I'm just going to ask what is my name. It's going to trigger the workflow and we have a new message sent. And then you can see the workflow has executed successfully.
And now if I were to come back to WhatsApp, you can see that we have a response which is your name is Tom. So let me just turn the workflow to active. Now let's ask more questions to test this.
For example, I'm just going to say am I allowed to drive a car? Now because I have already mentioned in the past conversation that the age is five, right? So in that case we should get a response from the AI that we're not allowed to drive a car because we set the age to 5 years old or in in this case the past conversation mentioned that the current person or the current user is 5 years old.
So let's try to trigger this workflow and let's see what the response look like. So here you can see we got a response and it says since you're five years old you won't be able to drive a car yet.

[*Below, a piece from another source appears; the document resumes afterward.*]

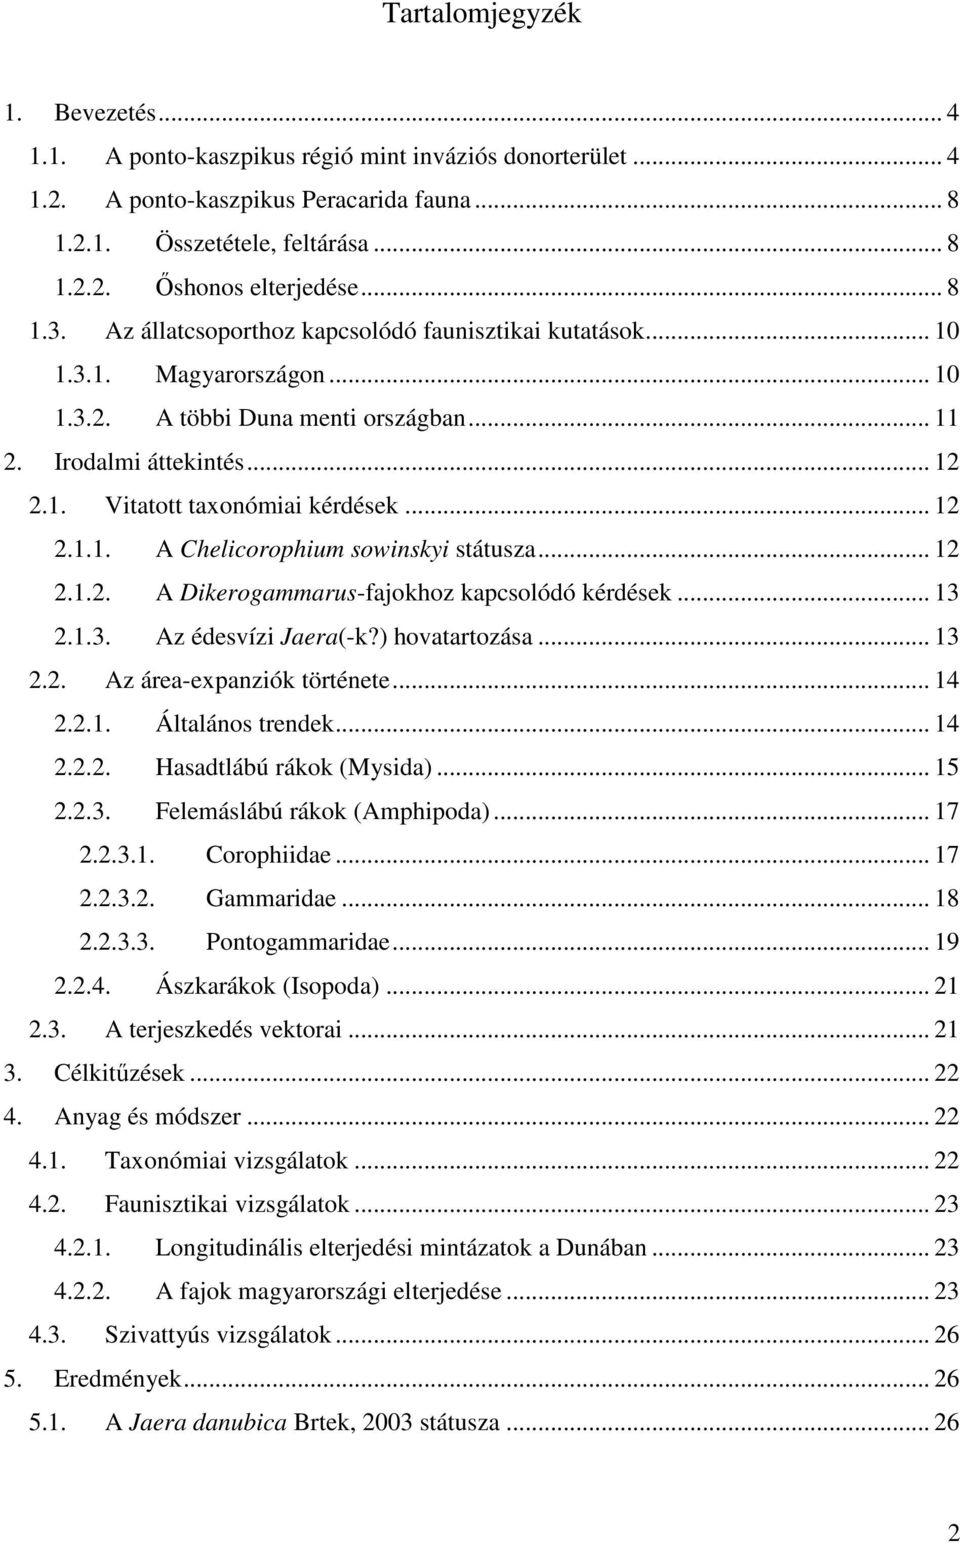 .. 12 2.1.1. A Chelicorophium sowinskyi státusza... 12 2.1.2. A Dikerogammarus-fajokhoz kapcsolódó kérdések... 13 2.1.3. Az édesvízi Jaera(-k?) hovatartozása... 13 2.2. Az área-expanziók története.

Typically, people need to be at least 18 years old.
So, at least you can see that we have long-term memory stored and be able to retrieve the long-term memory from the uh sumase to be able to generate a response by the AI agents. All right. So, then I did a bit more testing and I mentioned what food do I like and I like pizza.
And then here you can see that is able to capture this data, save it into the memory and then I asked another question what food do I like then is able to retrieve the memory conversation and be able to answer this question. So you it says you you mentioned you like pizza and it asks another question what type of pizza you like right so you can see that it's able to retrieve the data from the conversation memory and be able to answer the question that the user asked right and here I'm just going to ask the same question what is my name again and this should be able to retrieve that information from the memory and be able to answer so here it says your name is Tom okay now because you can see that we have several questions for example what food do I like and uh what's my name again and also can I allow to drive a car. You can see that those are additional message that we sent but really the most important information from this conversation is my name is Tom.
I'm 5 years old and I like pizza. Right? Those are the three important information.
But if we were to check the database you can see that that's the only three information that's being captured in the conversation memory. So if I were to refresh this and you can see that after refresh uh we still able to see that these are the only three data being captured from the conversation memory because we have told the AI agents to only capture the most important informations into the conversation memory. Okay, and that's what we have.
So you can see that this workflow is very powerful. We're able to save the most important informations from the conversation into the memory and we're also able to retrieve the memory along with the user prompt to ask the questions to the AI agents to respond.